Tuesday, September 6, 2011
Robert Moran's Moving Trinity Requiem, for the Victims of 9-11
With the 10th anniversary just days away we all no doubt will have moments where we pause and reflect, mourn, voluntarily or involuntarily relive the anguish and sorrow we felt in those terrible times. There are many scores of commemorative rituals that will be enacted. But to me it is music that can best express the inexpressible complexities. There are no doubt many musical meditations in the works. On Saturday the Union United Methodist Church in Boston will present a program by the excellent avant jazz outfit Trio X. And tomorrow, on the 7th, THE 9-11 church, the Trinity Wall Street church will be host to the world premier performance of Robert Moran's Trinity Requiem, a work which they commissioned. Those who cannot be there will be happy that a recording of Robert Moran's work has just been released (Innova 244), with Robert Ridgell conducting the Trinity Youth Chorus and members of the Trinity Choir, accompanied by harp, organ, strings and hand bells.

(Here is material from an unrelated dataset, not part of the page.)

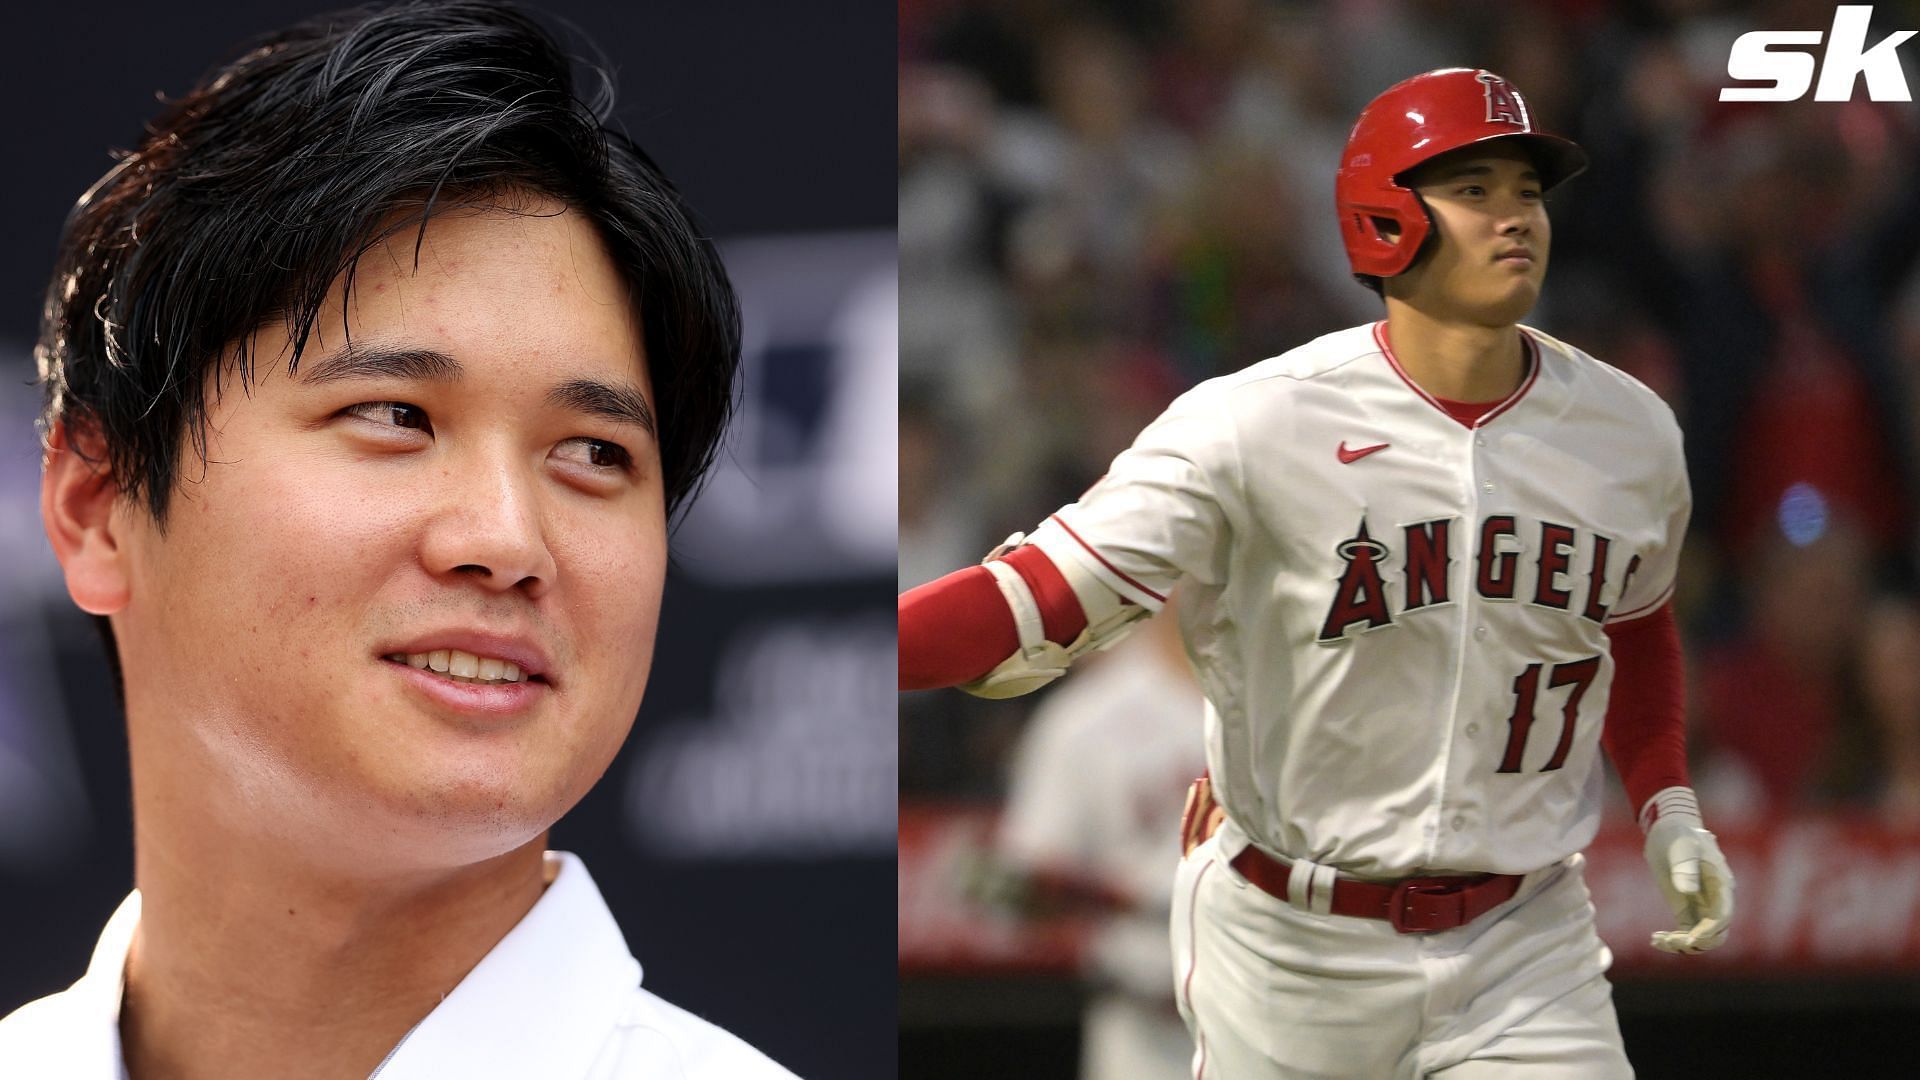 Shohei Ohtani continues to be one of baseball

It is a moving, touchingly profound work that more or less starts with the sort of lyric luminosity and melodic strength of Faure's Requiem and builds on that legacy. Robert Moran has done some composing in the minimalist camp and he puts the ambient enveloped-sound you sometimes get in that style towards a more linear approach. The haunting timbral passion of the Trinity Youth Chorus carries us away from our worldly concerns and into a space where we can experience something akin to healing. The instrumental accompaniment supports the choral vocal lines with a fitting memento mori reflectiveness. It is music that stands on its own as no doubt one of the great requiems of or era. Perhaps a little silence (a moment) might be the right thing to conclude.